Can news beat AI?

January 11, 2024

When I was a kid, there was one responsibility I took extremely seriously.

It wasn’t making my bed… it wasn’t doing my homework… no, those were not things I cared about. What I cared about was tackling my brother.

When breaking up an epic wrestling match between me and my brother, my mom made an offhand comment that became my secret mission in life:

So naturally, I used to watch him in the front yard while we were playing, secretly hoping he might meander towards the street, so I could protect him (and practice my moves).
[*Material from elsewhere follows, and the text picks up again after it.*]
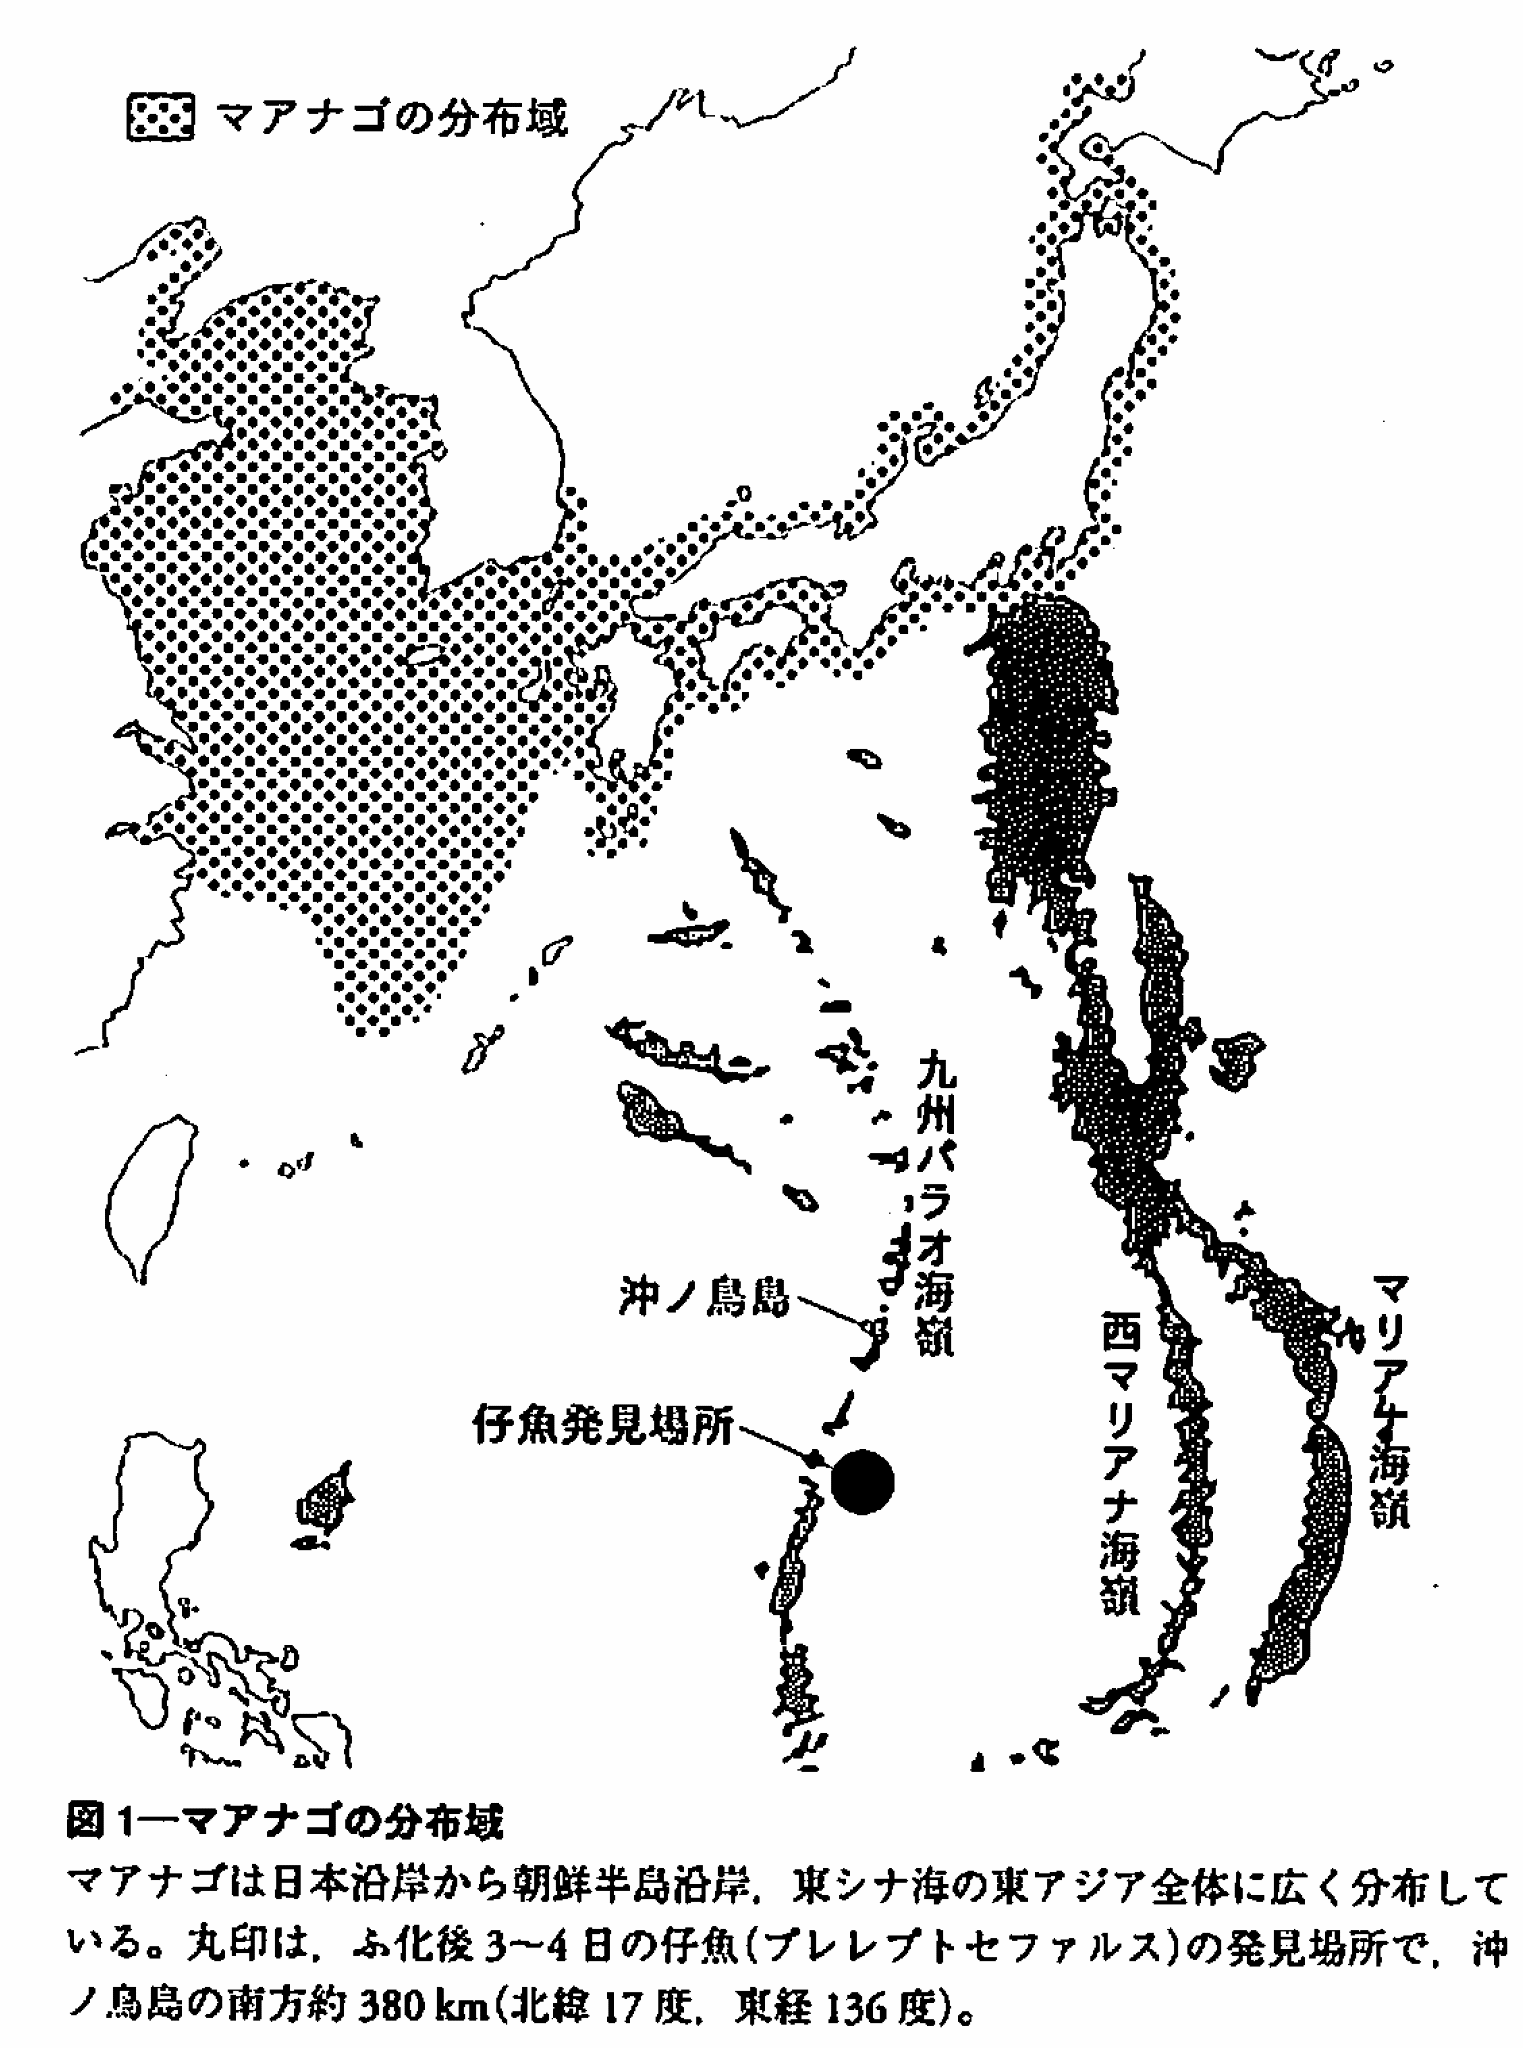 図2. マアナゴの分布域.　黒丸が仔魚の発見場所 2).

Honestly, there were a few false alarms… you can’t be too careful!

This is just one example of what I call “older sibling energy”. The responsibilities and the mindset that come from being older, wiser, and more capable.

What has any of this got to do with tech?

Well, the New York Times is putting out some major “older sibling energy” right now – suing Microsoft and OpenAI for copyright infringement.

Let’s get caught up before we talk about what happens next.

Act 1 – Entering the fight

Before November 2022 when ChatGPT came out, media companies and platforms were pretty nonchalant about AI. GPT-3 sounded like a Star Wars character (maybe an R2D2 rival?), OpenAI was a relatively unknown entity, and authors patiently did press tours and podcast circuits to drive sales. These were good times. Simpler times.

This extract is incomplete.